Patient was referred to cancer center for treatment and was lost for follow up.

Discussion

Fibrosarcoma is the malignant tumour of fibroblastic origin. It is rare in oral and oropharyngeal region. It occurs in any location but mainly affects long bone. Its occurrence in craniofacial region is about 15%, mandible being the most common site. Although fibrosarcoma has been reported in all groups, it is most commonly seen in the 3rd to 6th decades of life. It is seen equally in males and females [1][3]. In our case, the patient was 65 years female and presented with the tumour in left mandible.

The clinical presentation depends on location, size and spread of tumour. In jaw the tumour presents with pain or without pain, swelling, paresthesia, ulceration of overlying mucosa and difficulty in articulation. Paresthesia is late manifestation of the tumour indicating nerve involvement [1][4]. In the present case the patient presented with the swelling, pain and difficulty in articulation.

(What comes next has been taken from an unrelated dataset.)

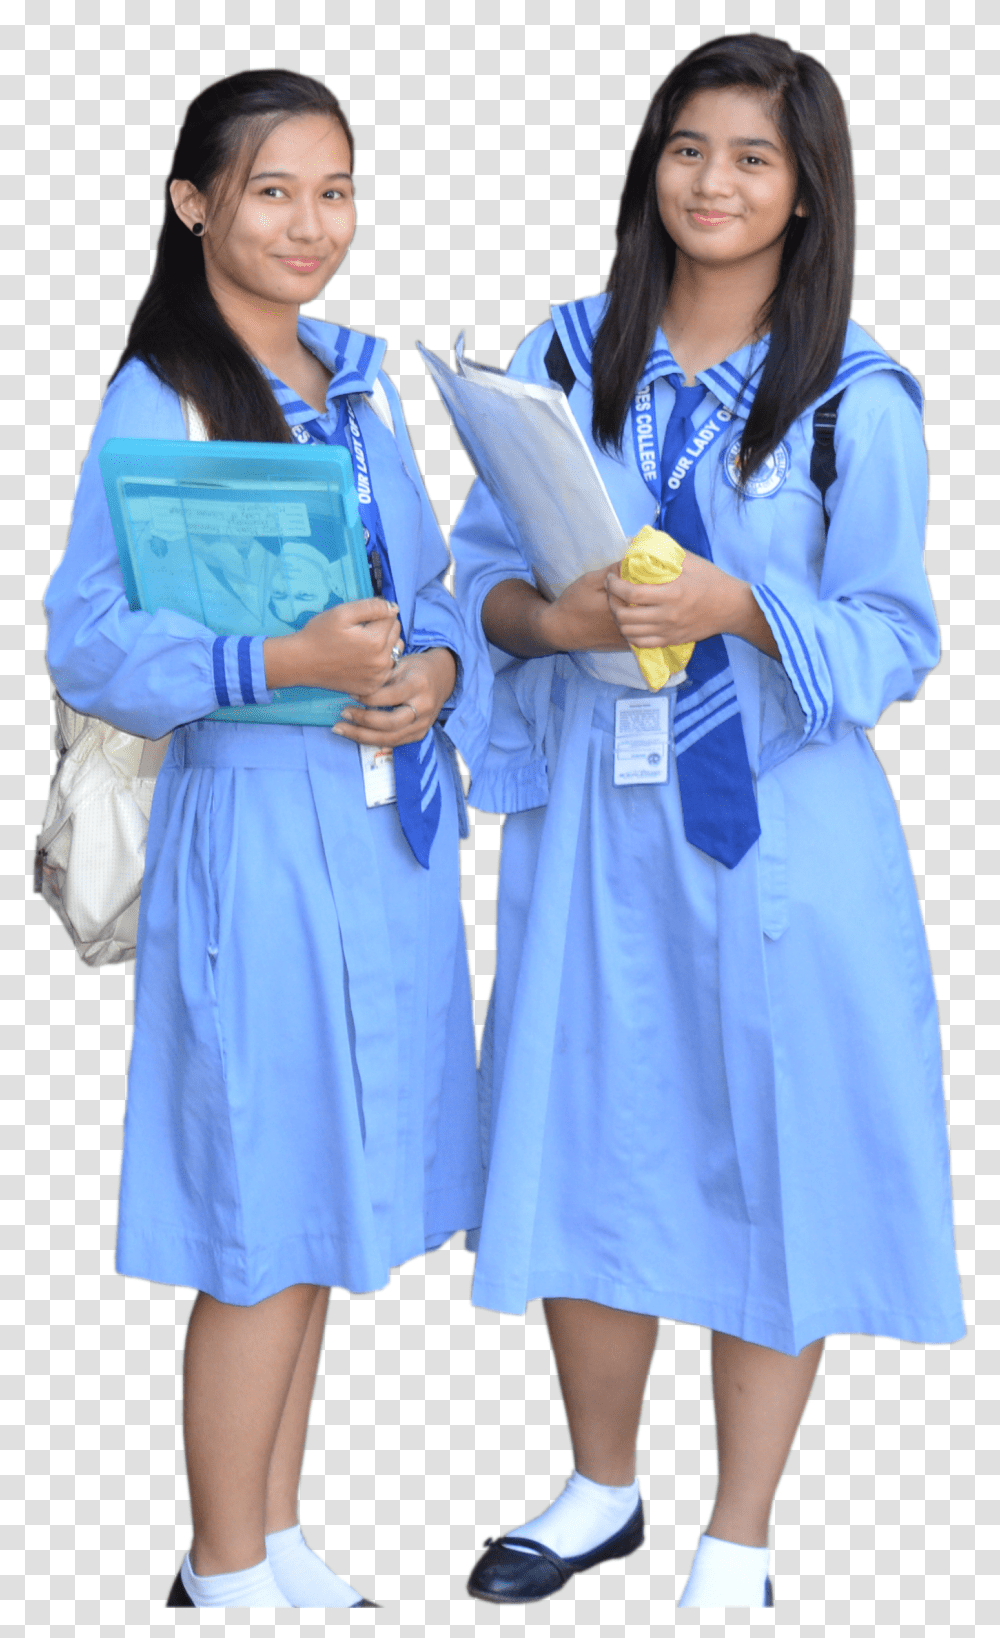 Our Lady Of Lourdes College Uniform, Shoe, Footwear, Person Transparent Png

The exact cause for this tumour is not known. Genetic alteration is thought to be one of the mechanisms. Fibrosarcoma presenting as a secondary primary tumor has been reported. The causes are fibrous dysplasia, Paget’s disease, bone infarct or cyst, osteomyelitis, malignant transformation of giant cell tumour of bone and post-radiation [1][5]. The latent period between radiotherapy and the diagnosis of the tumour ranges from 3-38 years [4]. In our case, it is post-irradiation done for primary carcinoma of buccal mucosa and the latent period was 8 years. Intra-osseous fibrosarcomas may develop endosteally or possibly periosteally, in the latter cases the bones are affected by spread from adjacent soft tissues. In jaw it may erode into the roots of the involved teeth [1][3][5]. In our case the tumor was arising from the left mandible and was extending into the soft tissue. Patient had history of teeth extraction.

Fibrosarcoma are graded into low to high grade of malignancy depending on the number of mitosis, tumour differentiation and presence of tumour necrosis [1][4]. Our case was a low grade fibrosarcoma.

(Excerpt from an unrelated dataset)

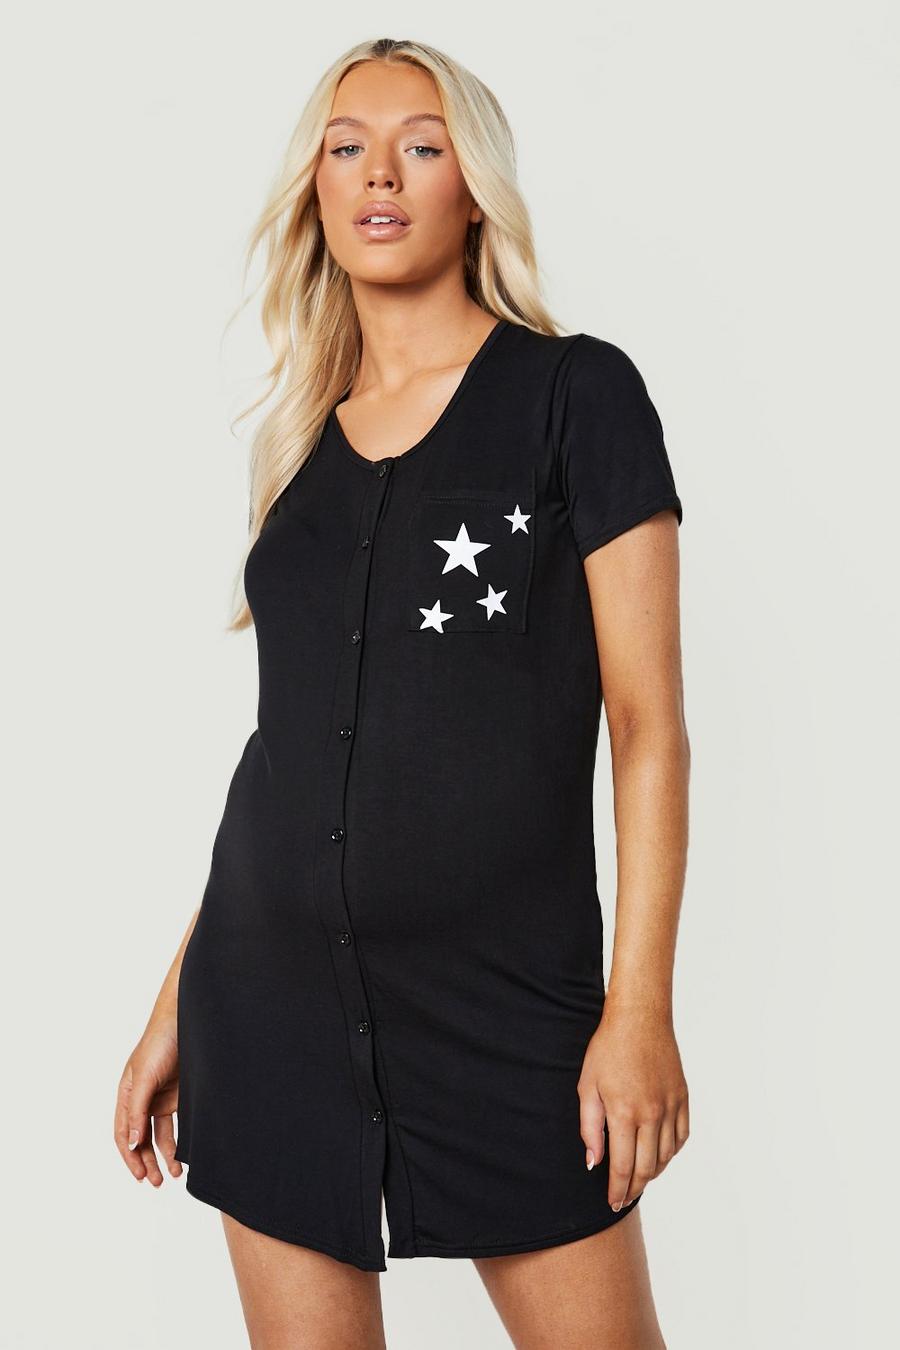 שחור negro כותונת לילה עם הדפס כוכב באזור הכיס וכפתורים, להיריון

The differential diagnosis histomorphologically are other spindle cell tumours. However IHC markers help in precise diagnosis [1]. IHC markers like Vimentin, S-100, Cytokeratin cocktail, HMB-45, Desmin, Smooth Muscle Actin shows positivity for fibrosarcoma [4][5]. In the present 5 case tumour showed strong positivity to vimentin, focally positive for cytokeratin and S-100 and negative for CD-34.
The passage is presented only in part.